Monday, September 26, 2022

Immigration Article of the Day: Persecuted and Removed: Migrants’ Potential Challenges to Expulsion under the U.S. Public Health Code by Mark Rook


Persecuted and Removed: Migrants’ Potential Challenges to Expulsion under the U.S. Public Health Code by Mark Rook


Congress passed the Public Health Service Act in 1944. The executive branch has used Section 362 of this Act, now codified as 42 U.S.C. § 265, to expel migrants seeking access to the United States since the onset of the ongoing COVID-19 pandemic. Asylum seekers have disputed the enforcement of 42 U.S.C. § 265 in domestic courts. U.S. federal agencies maintain that their enforcement actions are permissible.

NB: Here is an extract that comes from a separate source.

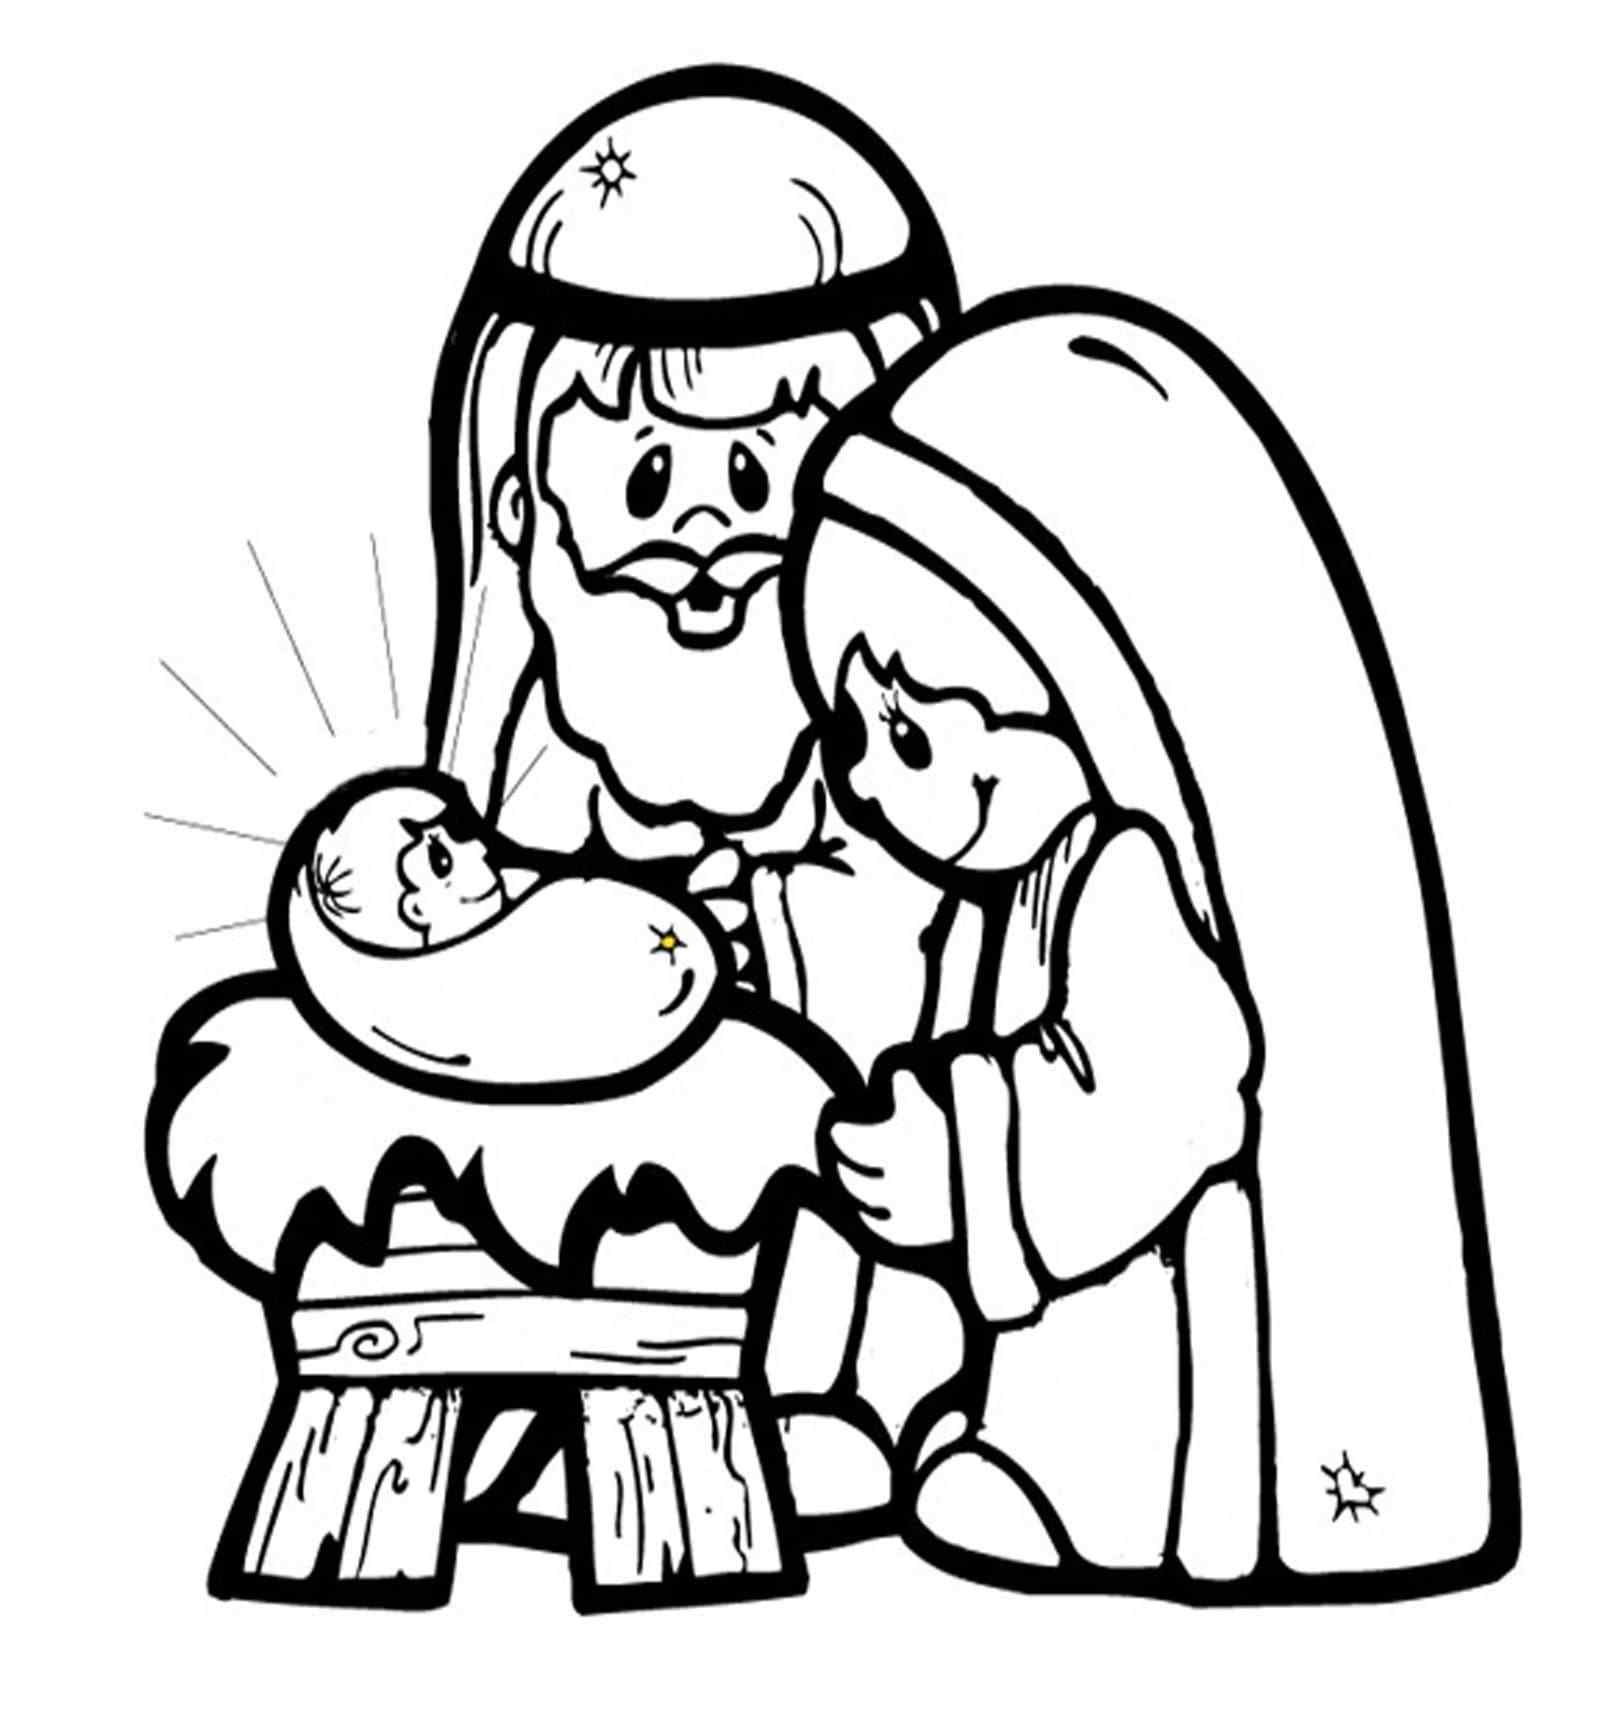 The Son Of God Became Human Coloring Pages - Coloring Cool

The United States enforces the principle of non-refoulement as part of the Immigration and Nationality Act. The principle of non-refoulement, established by the Convention and Protocol Relating to the Status of Refugees, as well as the Convention against Torture and Other Cruel, Inhuman or Degrading Treatment or Punishment, prohibits a country from returning asylum seekers to countries where they would endure persecution based on their “race, religion, nationality, membership of a particular social group or political opinion.” The President of the United States has also signed international agreements and treaties that grant a universal right to health, even to individuals who have not yet entered the country. Furthermore, this Note contends that the U.S. government may have violated an international right to asylum by preventing non-citizens from being able to seek relief at the border.This Note argues that the United States has violated the principle of non-refoulement in its implementation of 42 U.S.C. § 265 and that an asylum seeker would likely succeed in a challenge to the statute in a domestic court on this basis because non-refoulement is a domestically binding obligation. A challenge based on the right to asylum, however, may not succeed because domestic courts have not yet recognized an international right to seek asylum. Furthermore, this Note also explains that a challenge to 42 U.S.C. § 265 based on international health law would not succeed because the United States does not view the relevant treaties as legally binding, and no claim on those bases has ever succeeded in a domestic court.